On the third day, go for an antagonist style workout that has you alternating between chest and back (15 to 20 sets).

On the fifth day, go all-out on back after fatiguing shoulders (roughly 20-25 sets).

In a four-week cycle this leads to 12 workouts that attack the back. That's more than enough to stimulate growth in even the most stubborn of bodies.

Back Muscles

Anatomy: The Geeky Stuff

The back of your body is so much more than your lats, traps, and spinal erectors.
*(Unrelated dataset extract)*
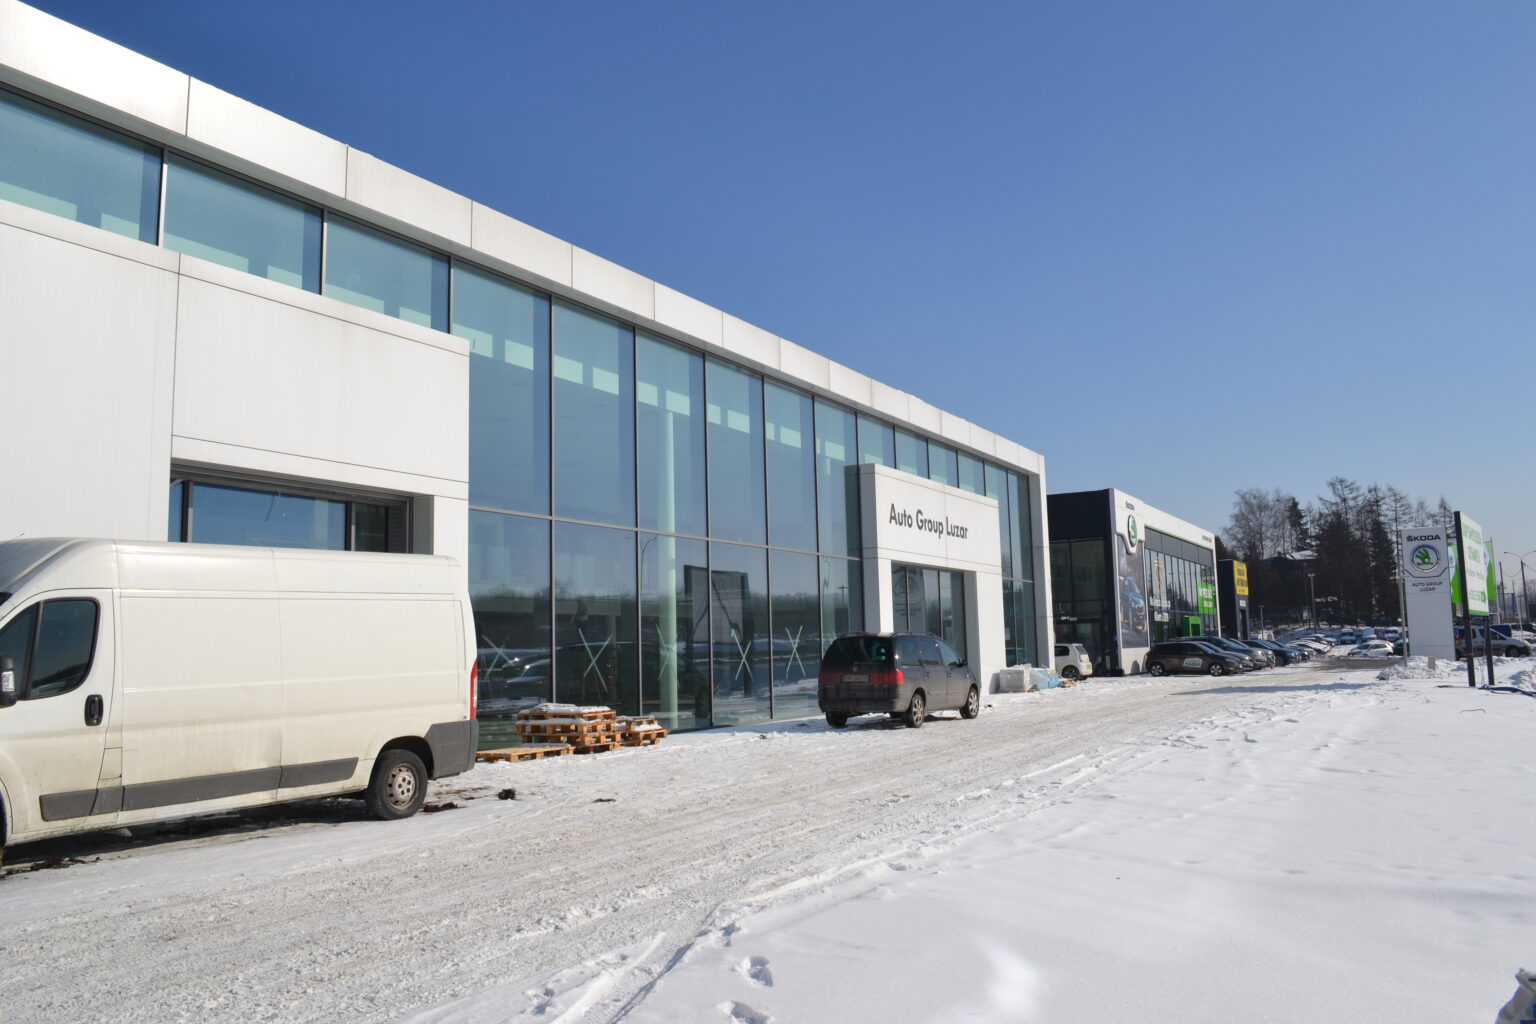 Slajder Salon i Serwis Volkswagen Auto Group Luzar

Sure, these big movers are the super visible muscles in developed bodybuilders and powerlifters, but they aren't the whole picture.

The lats (latissimus dorsi)

They drive shoulder extension and adduction, which contributes to scapular retraction, depression, and downward rotation – all necessary skeletal movements to make the most of your vertical and horizontal pulls.

The traps (trapezius)

It has a variety of functions...

  • The upper traps work with the levator scapulae to elevate the scapula (such as shrugs).
  • The middle traps contribute to elevation but also begin working on some level of retraction.
  • The lower traps contribute to retraction and play a role in upwardly and downwardly rotating the scapula (such as with pull-ups or pulldowns).
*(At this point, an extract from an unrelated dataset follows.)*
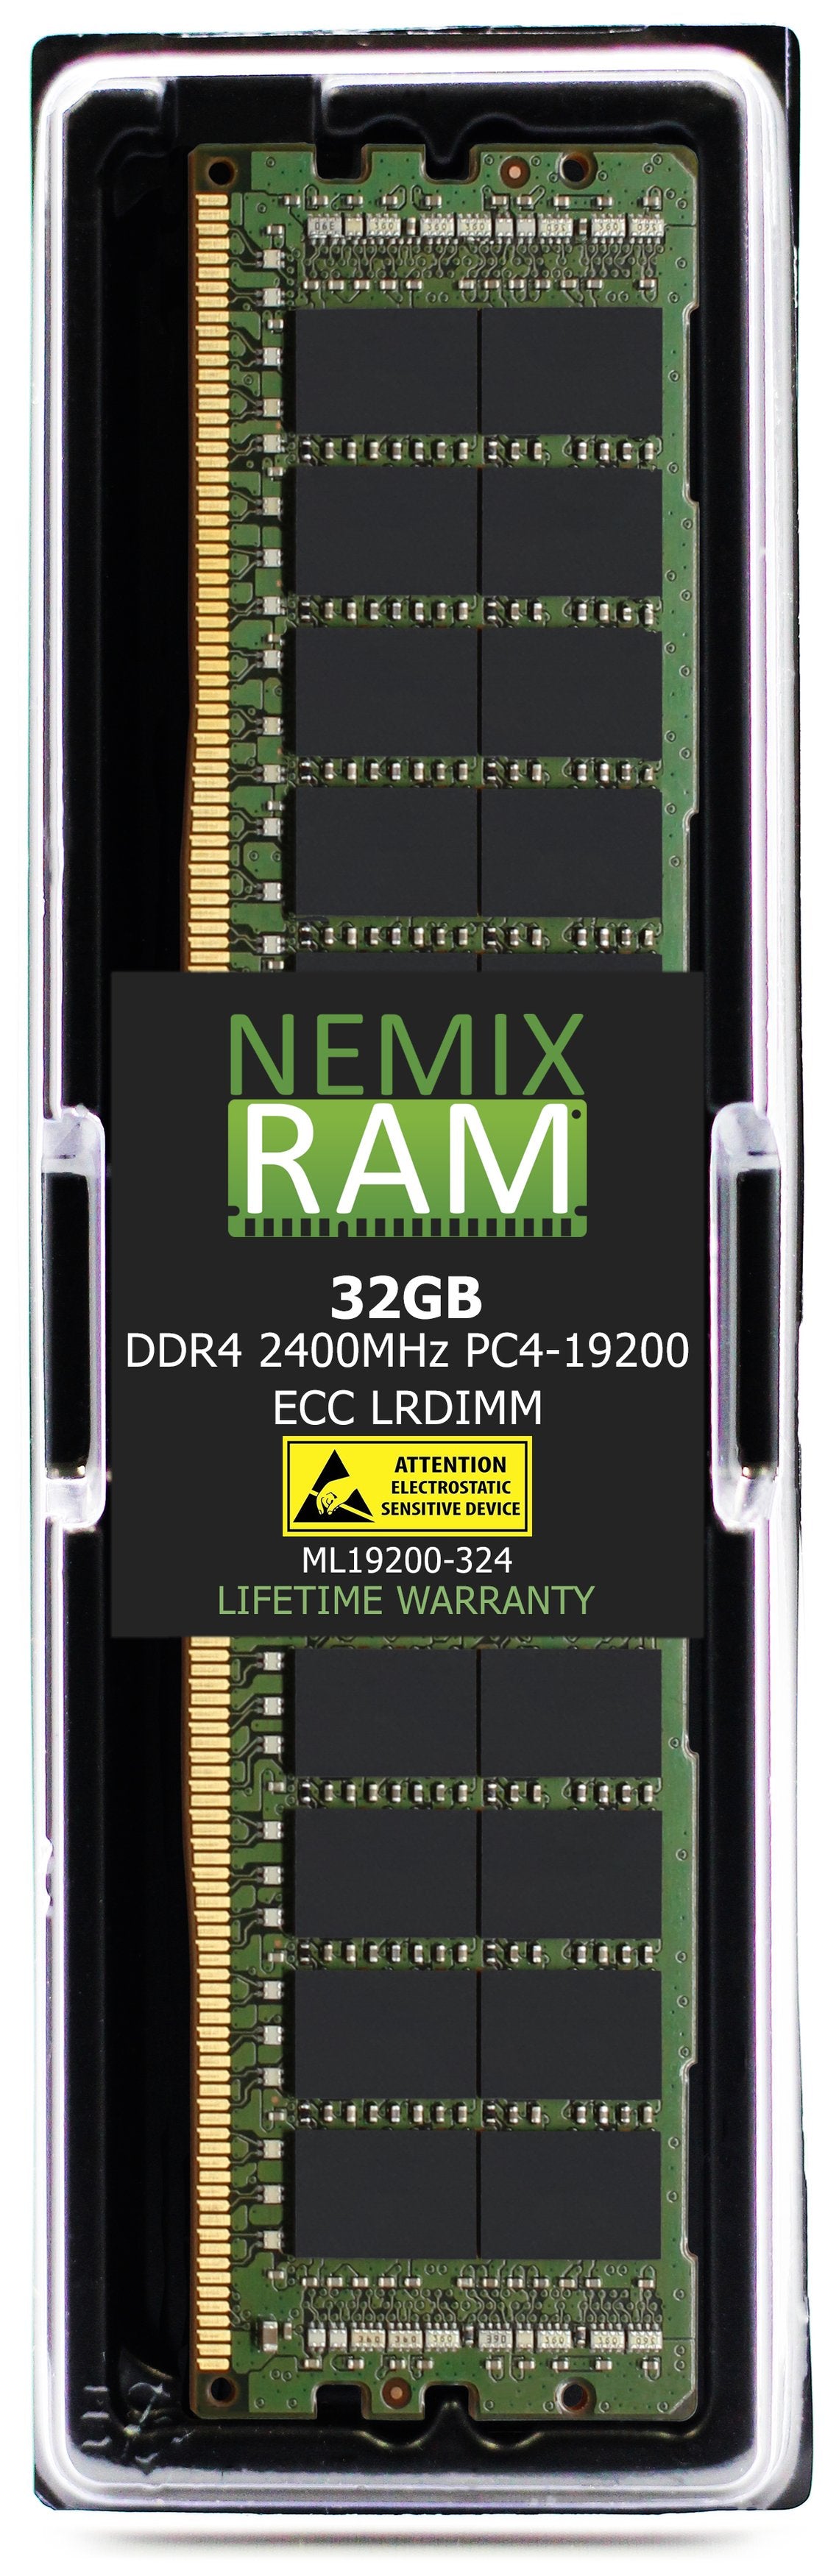 32GB DDR4 2400MHZ PC4-19200 LRDIMM Compatible with Supermicro MEM-DR432L-SL02-LR24

The spinal erectors (erector spinae)

They isometrically contract to stabilize the lumbar and lower thoracic spine in all major movements. Combined with the quadratus lumborum they also contribute to lumbar rotation and lateral flexion of the spine – key for sports and rotational training.

We must also consider other muscles in the area, big and small:

  • The rhomboids: They run vertically along the spine, but their fibers run sideways, making them excellent at retraction for the scapula.
  • The levator scapulae: They help elevate the scapula, which is important in movements such as shrugs and low-to-high-pulls.
  • The posterior deltoids: They function predominantly at the shoulder joint by driving shoulder extension but can aid in retraction and depression of the scapula. This head of the delt muscle, when developed, improves the performance capacity and aesthetics simultaneously.
  • The teres major: They work with the posterior delts to drive adduction and shoulder extension – key for full retracting and depressing the scapula in vertical, or high-to-low rowing motions.
  • The infraspinatus and teres minor: These are critical rotator cuff muscles. They externally rotate the humerus in the shoulder joint. Developing the capacity of these muscles contributes to your output on vertical pulling patterns (in a pronated hand position), wide grip rows, and various face pull exercises.

Hit all the angles covered above and you'll nail every part of your back.